I would like to add a new column between each of the date columns, with the interpolated value using the previous and next value to get a month value.
data = [['Jane', 10,11,45,66,21], ['John',11,55,34,44,22],['Tom',23,43,12,11,44]]
df = pd.DataFrame(data, columns = ['Name', '09-Aug', '02-Sep','18-Oct','02-Nov','14-Dec'])
This returns the following:
In between each column after the first one, I would like to add one which contains the month preceding it, and the interpolated value based on the preceding and next column.
So eg:
I tried to first add a column between each one using the following code:
N = len(df.columns) #
for i in range(0,N): #
df.insert(i,'','',allow_duplicates=True)
But this only adds columns to the left of the table, not between each one. Once I had added the columns, I was thinking of writing a function to perform the linear interpolation.
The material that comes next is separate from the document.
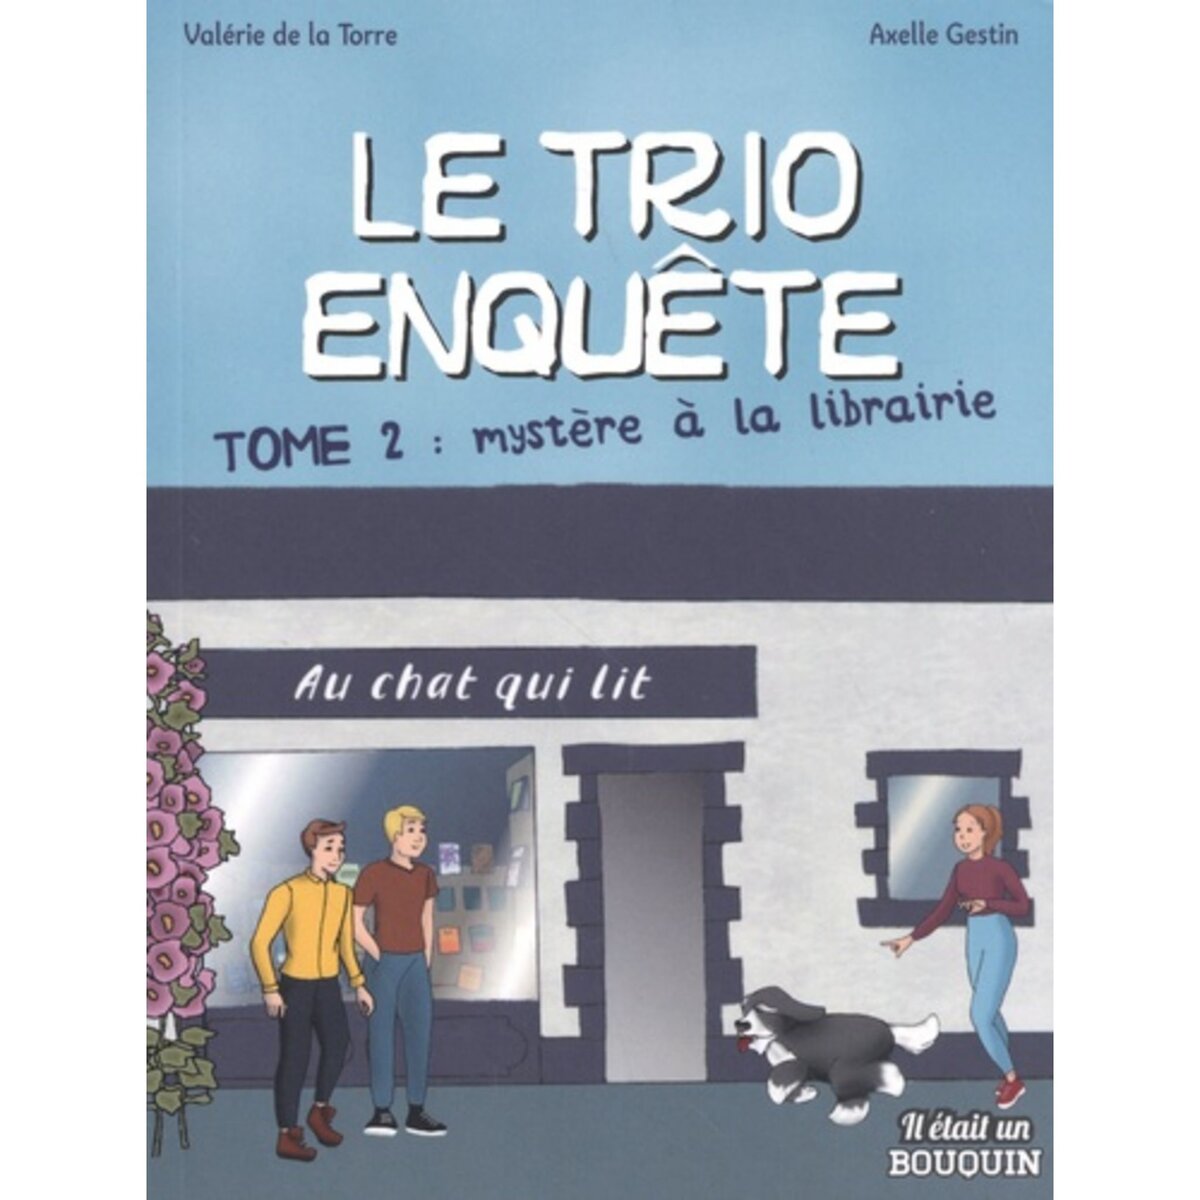  LE TRIO ENQUETE TOME 2 : MYSTERE A LA LIBRAIRIE [ADAPTE AUX DYS], La Torre Valérie de

Does anyone have a suggestion on the correct way around to tackle this?
CodePudding user response:
# Make Name your index, and Transpose:
df = df.set_index('Name').T
# Convert index to datetime:
df.index = pd.to_datetime(df.index, format='%d-%b')
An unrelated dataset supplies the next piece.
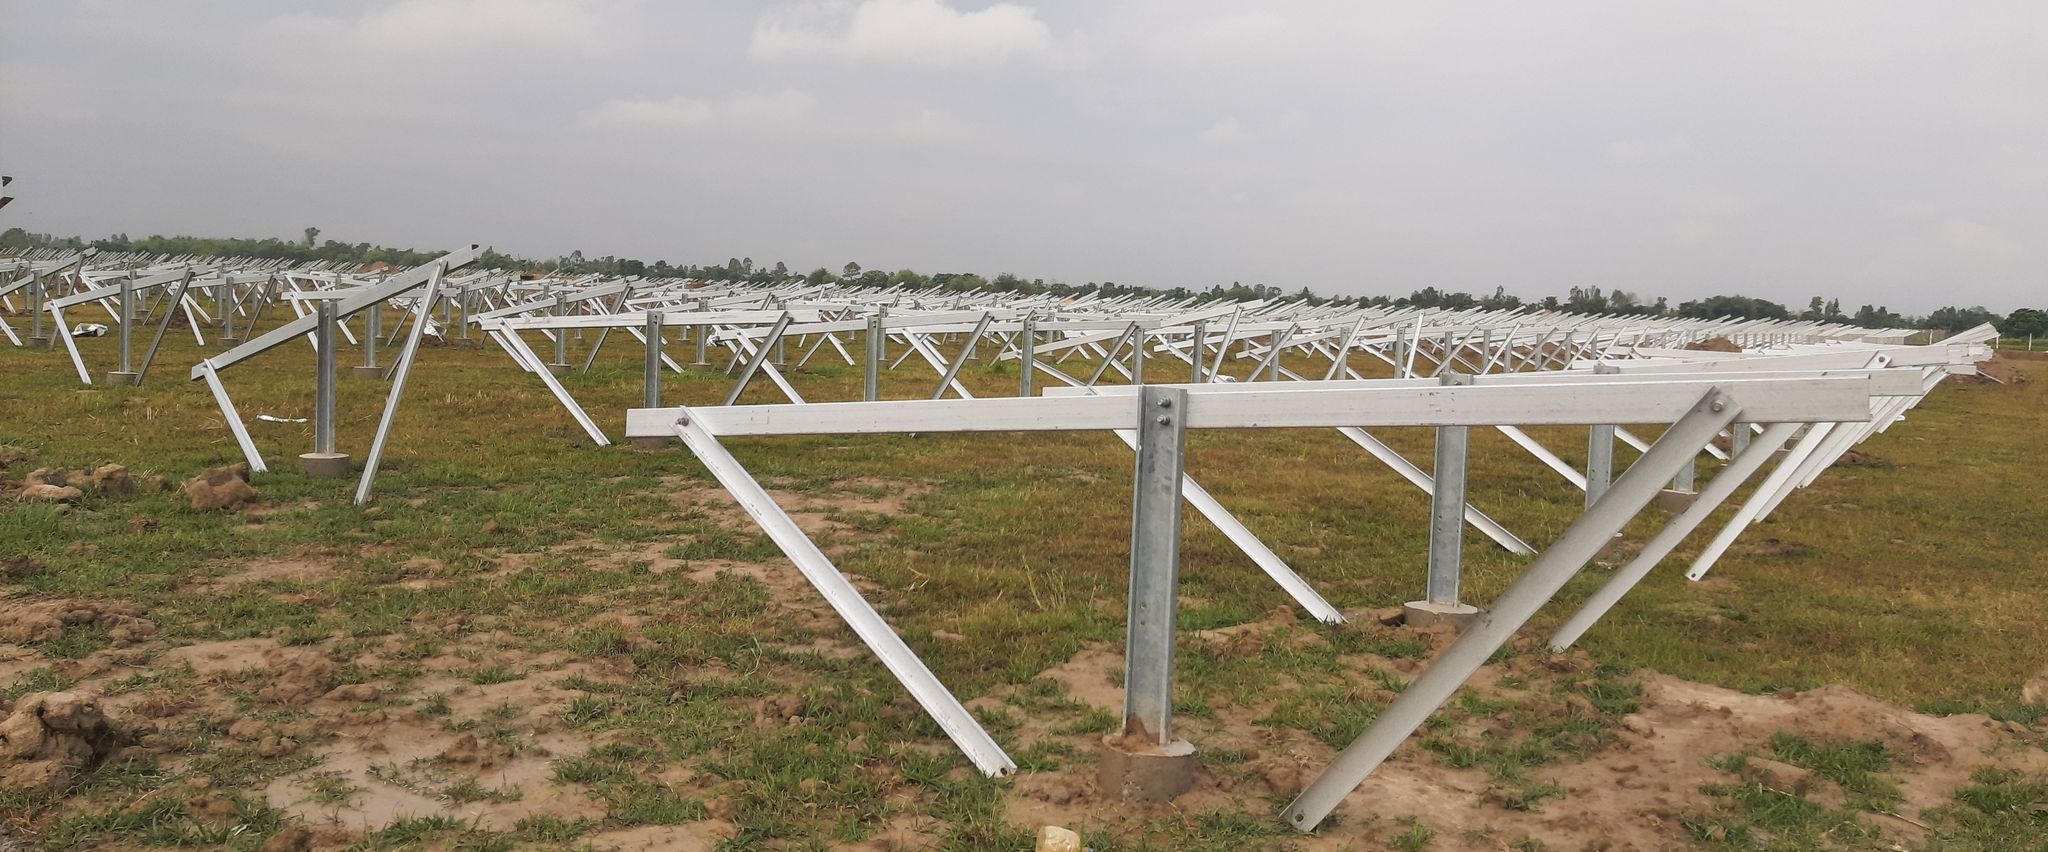 नेपालकै ठूलो सौर्य विद्युत् परियोजनाको काम द्रुतगतिमा

# Create new values for each month:
new_index_vals = pd.date_range(df.index.min(), df.index.max(), freq='MS')
# Reindex, including these new values:
df = df.reindex(df.index.union(new_index_vals))
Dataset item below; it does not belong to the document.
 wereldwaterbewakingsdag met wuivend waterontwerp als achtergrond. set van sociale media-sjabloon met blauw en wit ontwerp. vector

# Apply interpolation, accounting for time:
df = df.interpolate('time') # You can also choose just `linear` here~
# Convert back to original format, formatting month_starts differently:
df.index = np.where(df.index.is_month_start,
df.index.strftime('%B'),
df.index.strftime('%d-%b'))
# Transpose back to original format:
df = df.T.reset_index()
print(df.round(2))
Output:
Name 09-Aug September 02-Sep October 18-Oct November 02-Nov December 14-Dec
0 Jane 10.0 10.96 11.0 32.43 45.0 64.60 66.0 34.93 21.0
1 John 11.0 53.17 55.0 41.76 34.0 43.33 44.0 28.81 22.0
2 Tom 23.0 42.17 43.0 23.46 12.0 11.07 11.0 33.79 44.0
CodePudding user response:
from numpy import nan
import pandas
# Adding a few values
data = [['Jane', 10,11,45,66,21, 45, 70, 60, 80], ['John',11,55,34,44,22, 32, 24, 25, 45],['Tom',23,43,12,11,44, 77, 108, 24, 45]]
df = pd.DataFrame(data, columns = ['Name', '09-Aug', '02-Sep','18-Oct','02-Nov','14-Dec', 'TestDate1', 'TestDate2', 'TestDate3', 'TestDate4'])
df_c = df.drop('Name', axis=1)
for i in range(1, len(df.columns) len(df.columns)-3, 2):
df_c.insert(i, 'Interpolated', pd.Series([nan] * len(df.index)), allow_duplicates=True)
df[['Name']].join(df_c.interpolate(axis=1))
Now you could iterate over all 'Interpolated' columns and use your existing month short form from the left but without the number prefix. The first column would then be called 'Aug'.